ZAHN: General Shepperd, let's talk a little bit about the human intelligence that we have been told led to this raid. There's been a lot of skepticism about it and a lot of criticism of what people consider downright false intelligence leading up to this war with Iraq.

What does this tell us?

SHEPPERD: Yes, human intelligence is always tough. It's been especially tough in Iraq, where we have a dearth, if you will, of Iraqi experts over there working with us, especially in 35 years of a regime that's kept its thumb on everything in that country. Basically, when we were over there, we were told intelligence is getting better everyday. Our problem is not the volume, it's sorting the good from the bad. And some of it is intentionally false to draw us into traps.

So they were able in this particular case to act on two reports, one of which was off and one of which was on. So it's an indication that intelligence, in this case, worked, Paula. But there's plenty of work still to be done all around Iraq.

ZAHN: Tory, one of the first images most Americans caught of Saddam Hussein was the really pathetic-looking picture of him being physically examined by a U.S. official.

Is it true the Pentagon actually had a heated debate about whether to go public with that image?

CLARKE: I don't know if I'd call it a debate, but there was a lot of consideration given to the pros and cons of releasing photographs and videos of Saddam Hussein.

Our government, as it should, for a long time has had a very clear practice of not holding up detainees and POWs to any kind of public ridicule or criticism. I mean, people have been reprimanded for doing something in which we thought they mistreated POWs, for instance.

And we also know - they also know, that there will be some people in the Arab world who say that's exactly what you're doing, holding him up to ridicule.

But it was so important to demonstrate to the Iraqi people and to the world that they have Saddam Hussein, it was so important to demonstrate that he was being treated very, very appropriately and very carefully, that that outweighed the concerns. So a lot of consideration and a lot of thought went into that, saying, if and when we get him, what will we do with the images that we have?

ZAHN: Victoria Clarke, Simon Henderson and General Don Shepperd, thanks to our trio tonight.

CLARKE: Thanks, Paula.

ZAHN: And does the fact that Saddam Hussein is caught make it easier for U.S. troops to get out of Iraq on a new timetable? We'll be talking about that live with former Assistant Secretary of State Richard Holbrooke.

And then there is reaction in the Arab world. Anger against the U.S. has been on the rise in the Muslim world. With this signal a warming of relations?


ZAHN: Here's about - about the fact that the capture of Saddam Hussein is a welcome step forward for U.S. policy in Iraq. But how much does it change the military and political situation there?

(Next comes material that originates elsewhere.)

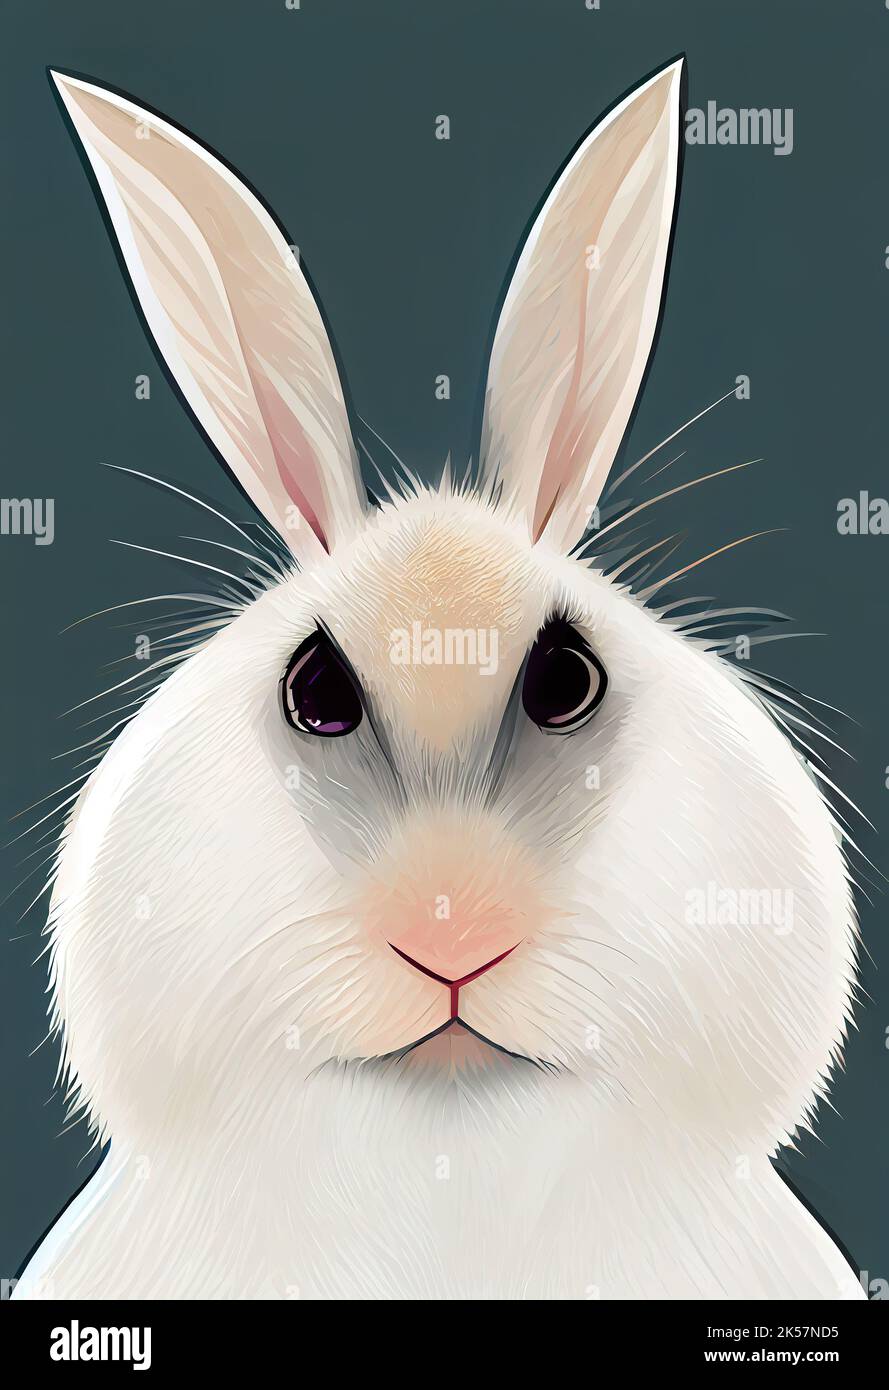 Fairytale cartoon chubby rabbit. Funny cheeky white rabbit. Digital illustration. Stock Photo

Joining us now is Richard Holbrooke, former Assistant Secretary of State. Always good to see you, sir.


ZAHN: There's been some debate today about whether you will actually see a decrease in the insurgency movement, or an increased risk of violence against U.S. troops. What do you think?

HOLBROOKE: I think the troops have to be on guard for an increase. The war isn't over.

I talked yesterday, by chance, to a senior coalition authority figure back from Baghdad in New York. And we talked about what would happen if Saddam was captured, as we assumed - or killed - as we assumed would happen.

And he said that there's so many other elements attacking Americans, and the Baathists are going to fight for their lives. So I think we should assume that this is a huge, positive event - good for America, good for Iraqis - but the war isn't over.

ZAHN: So you really see a scenario where you can create a power vacuum, and where ...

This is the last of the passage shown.